0

how do i modify this awk-script? It is modifying every occurrence but should modify every occurrence except in one column. The big problem is, that the specific column is not always the first one. But i know the Name of the column in the header.

awk '
BEGIN{
  FS=OFS=","
}
FNR==1{
  print
  next
}
{
  for(i=1;i<=NF;i++){
    sub(/^\/Text[0-9]+Text/,"",$i)
    sub(/Text.*/,"",$i)
  }
}
1
'  Input_file

Explanation: Adding a detailed level of explanation of above code:

awk '
BEGIN{                                 ##Starting BEGIN section of code here.
  FS=OFS=","                           ##Setting FS and OFS to comma here.
}
FNR==1{                                ##Checking condition if FNR==1 then do following.
  print                                ##Printing the current line here.
  next                                 ##next will skip all further statements from here.
}
{
  for(i=1;i<=NF;i++){                  ##Starting a for loop to traverse into all fields here.
    sub(/^\/Text[0-9]+Text/,"",$i)     ##Substituting from starting Text digits Text with NULL in current field.
    sub(/Text.*/,"",$i)                ##Substituting everything from Text to till last of field value with NULL in current field.
  }
}
1                                      ##1 will print edited/non-edited line here.
'  Input_file                          ##Mentioning Input_file name here.

Examplefile:

header1, header2, header3-dont-modify-this-column, header4, header5
,,/Text2234Text7846641Text.html,/Text2234Text7846641Text.html,/Text2234Text823241Text.html
,,/Text2234Text7846642Text.html,/Text2234Text7846642Text.html,/Text2234Text823242Text.html
,,/Text2234Text7846643Text.html,/Text2234Text7846643Text.html,/Text2234Text823243Text.html

Result should be:

header1, header2, header3-dont-modify-this-column, header4, header5
,,/Text2234Text7846641Text.html,7846641,823241
,,/Text2234Text7846642Text.html,7846642,823242
,,/Text2234Text7846643Text.html,7846643,823243

Thank you

Inian
  • 80,270
  • 14
  • 142
  • 161

2 Answers2

2

It is possible to write a code-golf version to do exactly the action you require. Nonetheless, I'll write something more generic which is easier to maintain. The idea is to keep track of the order of the headers in an array h. Example h[2] contains the header value of the second column. Furthermore, we will use an associative array v which is indexed by the header value. By modifying the values of array v, you can reconstruct the CSV based on v[h[i]].

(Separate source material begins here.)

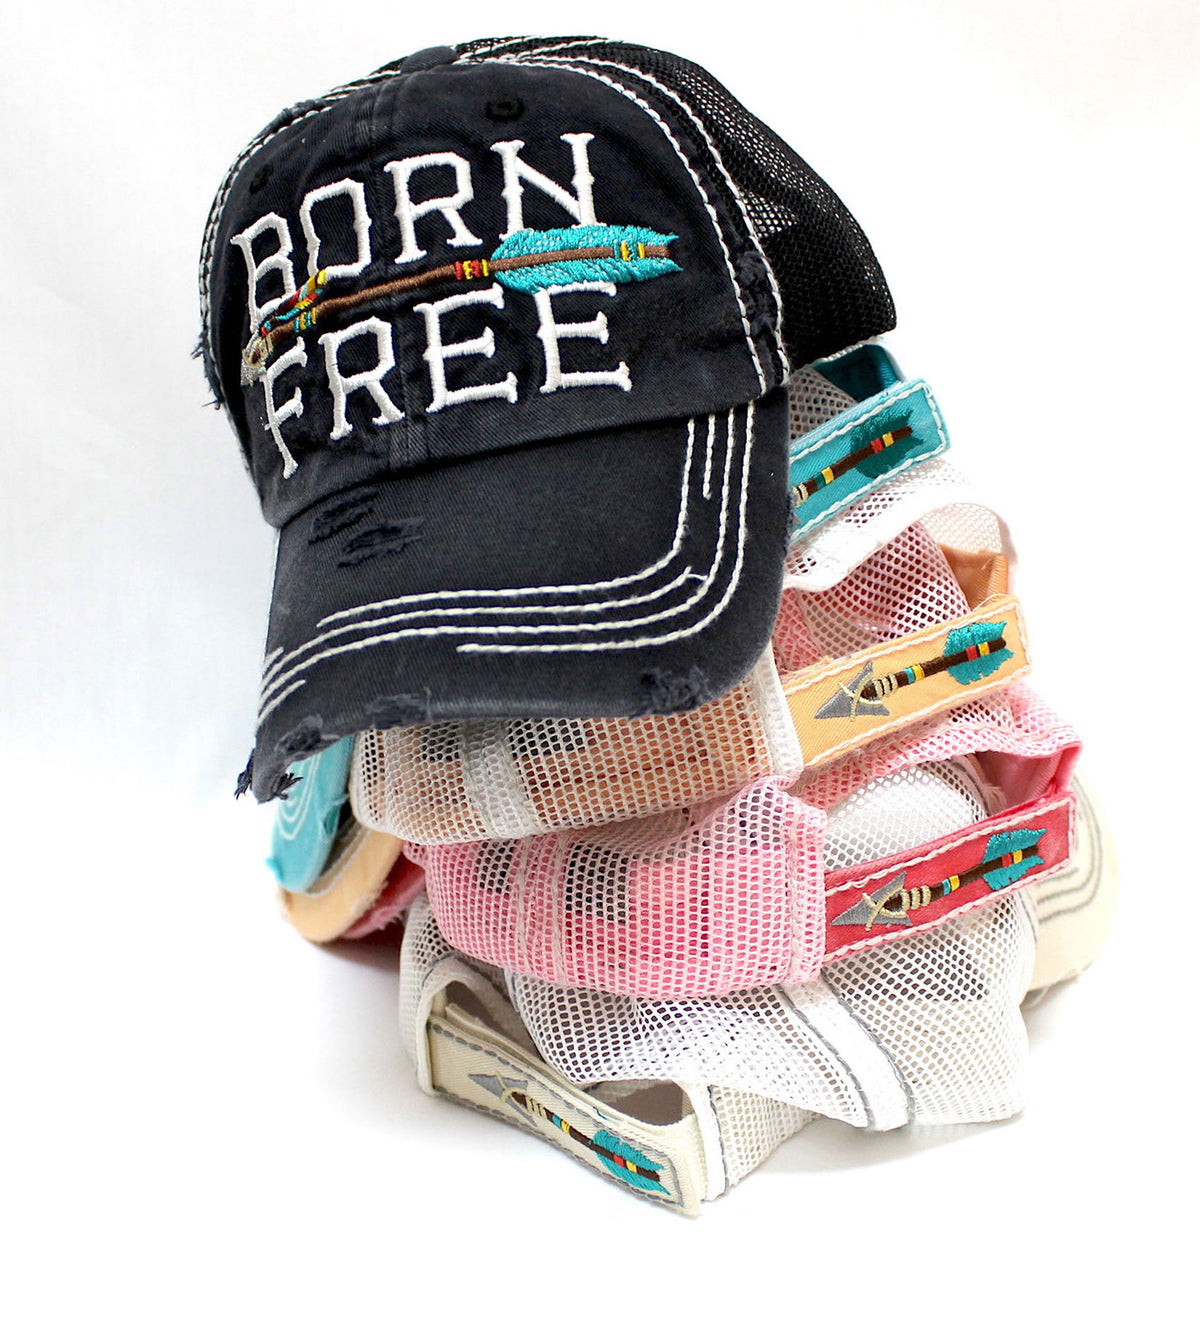 Rose Pink "BORN FREE" Embroidery Mesh-Back Trucker - Caps 'N Vintage 
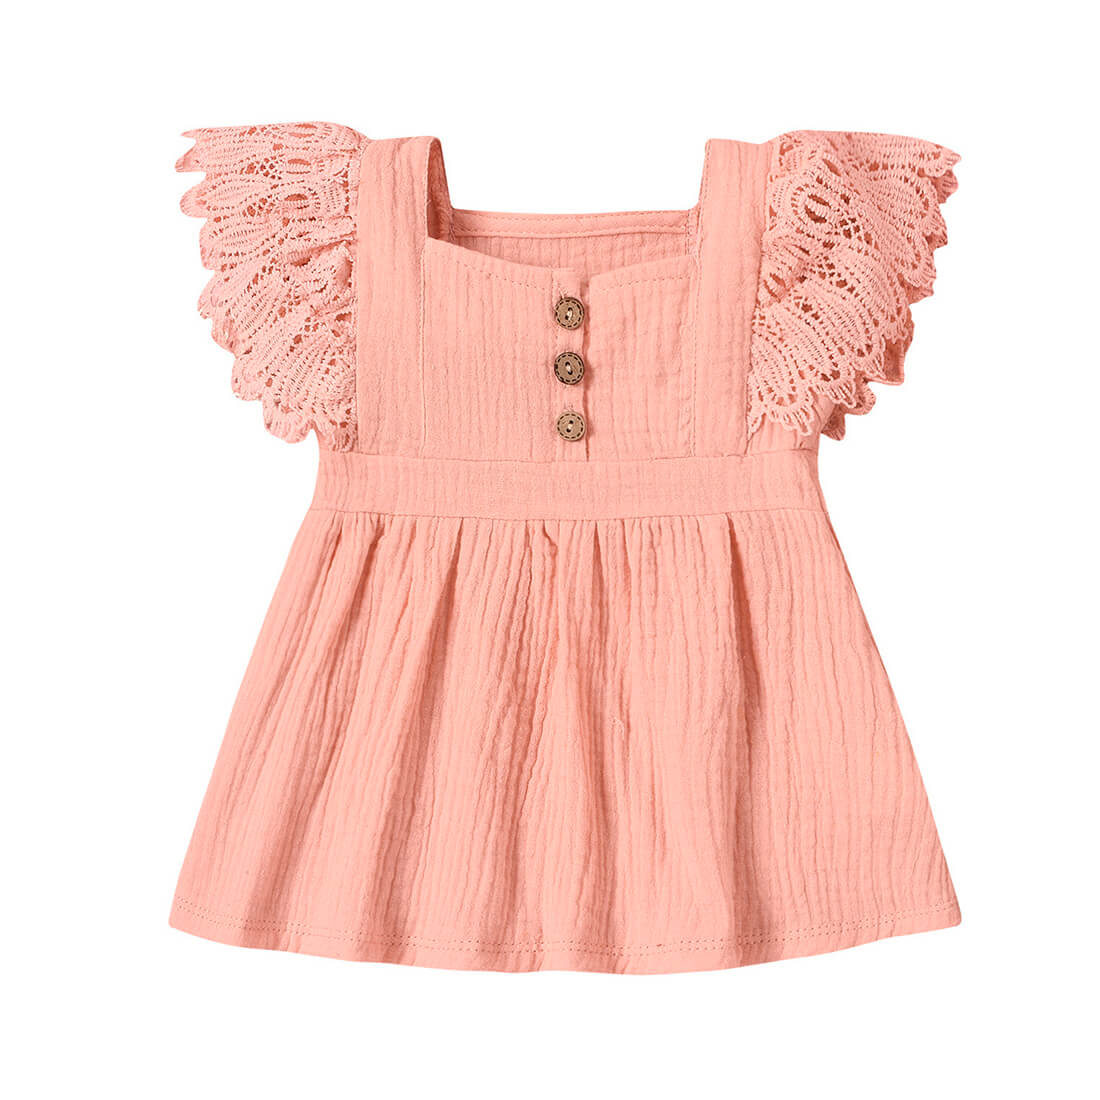 Solid Lace Sleeve Baby Dress Pink 0-3 M

We set the field separator to be simply a <comma>. If comma's can be part of a field due to quotes, have a look at: What's the most robust way to efficiently parse CSV using awk?

awk 'BEGIN{FS=OFS=","}
     (FNR==1) { for(i=1;i<=NF;++i) h[i]=$i; print; next }
     { for(i=1;i<=NF;++i) v[h[i]]=$i }
     { #perform modifications here based on v["header_name"]="new val" }
     { for(i=1;i<=NF;++i) printf v[h[i]] (i==NF?ORS:OFS) }' file

Example: I want to modify the columns with header "h2" and "h3", give them the value 0

Input:

h3,h1,h2,h4
1,2,3,4
5,6,7,8

Used AWK:

awk 'BEGIN{FS=OFS=","}
     (FNR==1) { for(i=1;i<=NF;++i) h[i]=$i; print; next }
     { for(i=1;i<=NF;++i) v[h[i]]=$i }
     {  v["h2"]=v["h3"]=0 }
     { for(i=1;i<=NF;++i) printf v[h[i]] (i==NF?ORS:OFS) }' file

Output:

h3,h1,h2,h4
0,2,0,4
0,6,0,8
kvantour
  • 25,269
  • 4
  • 47
  • 72
1

Could you please try following. As per your shown sample output OP don't want to substitution for 3rd field so I neglected it.

awk '
BEGIN{
  FS=OFS=","
}
FNR==1{
  print
  next
}
{
  for(i=1;i<=NF;i++){
    if(i!=3){
      sub(/^\/Text[0-9]+Text/,"",$i)
      sub(/Text.*/,"",$i)
    }
  }
}
1
'  Input_file


OR use a variable approach, where creating a variable for awk code and mention field number there which you want to ignore for substitution.

awk -v ignore_field="3" '
BEGIN{
  FS=OFS=","
}
FNR==1{
  print
  next
}
{
  for(i=1;i<=NF;i++){
    if(i!=ignore_field){
      sub(/^\/Text[0-9]+Text/,"",$i)
      sub(/Text.*/,"",$i)
    }
  }
}
1
'  Input_file

Adding a detailed explanation for above code here:

awk -v ignore_field="3" '                  ##Starting awk program and mentioning variable name ignore_field as 3, which will have value field to be ignored.
BEGIN{                                     ##Starting BEGIN section from here.
  FS=OFS=","                               ##Setting FS and OFS comma here.
}
FNR==1{                                    ##Checking condition if line is first line then do following.
  print                                    ##Printing current line here.
  next                                     ##next will skip all further statements from here.
}
{
  for(i=1;i<=NF;i++){                      ##Starting a for loop which starts from i=1 to till value of NF in current line.
    if(i!=ignore_field){                   ##Checking condition if current field is NOT equal to variable ignore_field then do following.
      sub(/^\/Text[0-9]+Text/,"",$i)       ##Substituting starting Text digits then Text string with NULL in current field.
      sub(/Text.*/,"",$i)                  ##Substituting string Text till end with NULL in current field.
    }
  }
}
1                                          ##Mentioning 1 will print edited/non-edited line.
' Input_file                               ##Mentioning Input_file name here.
RavinderSingh13
  • 130,504
  • 14
  • 57
  • 93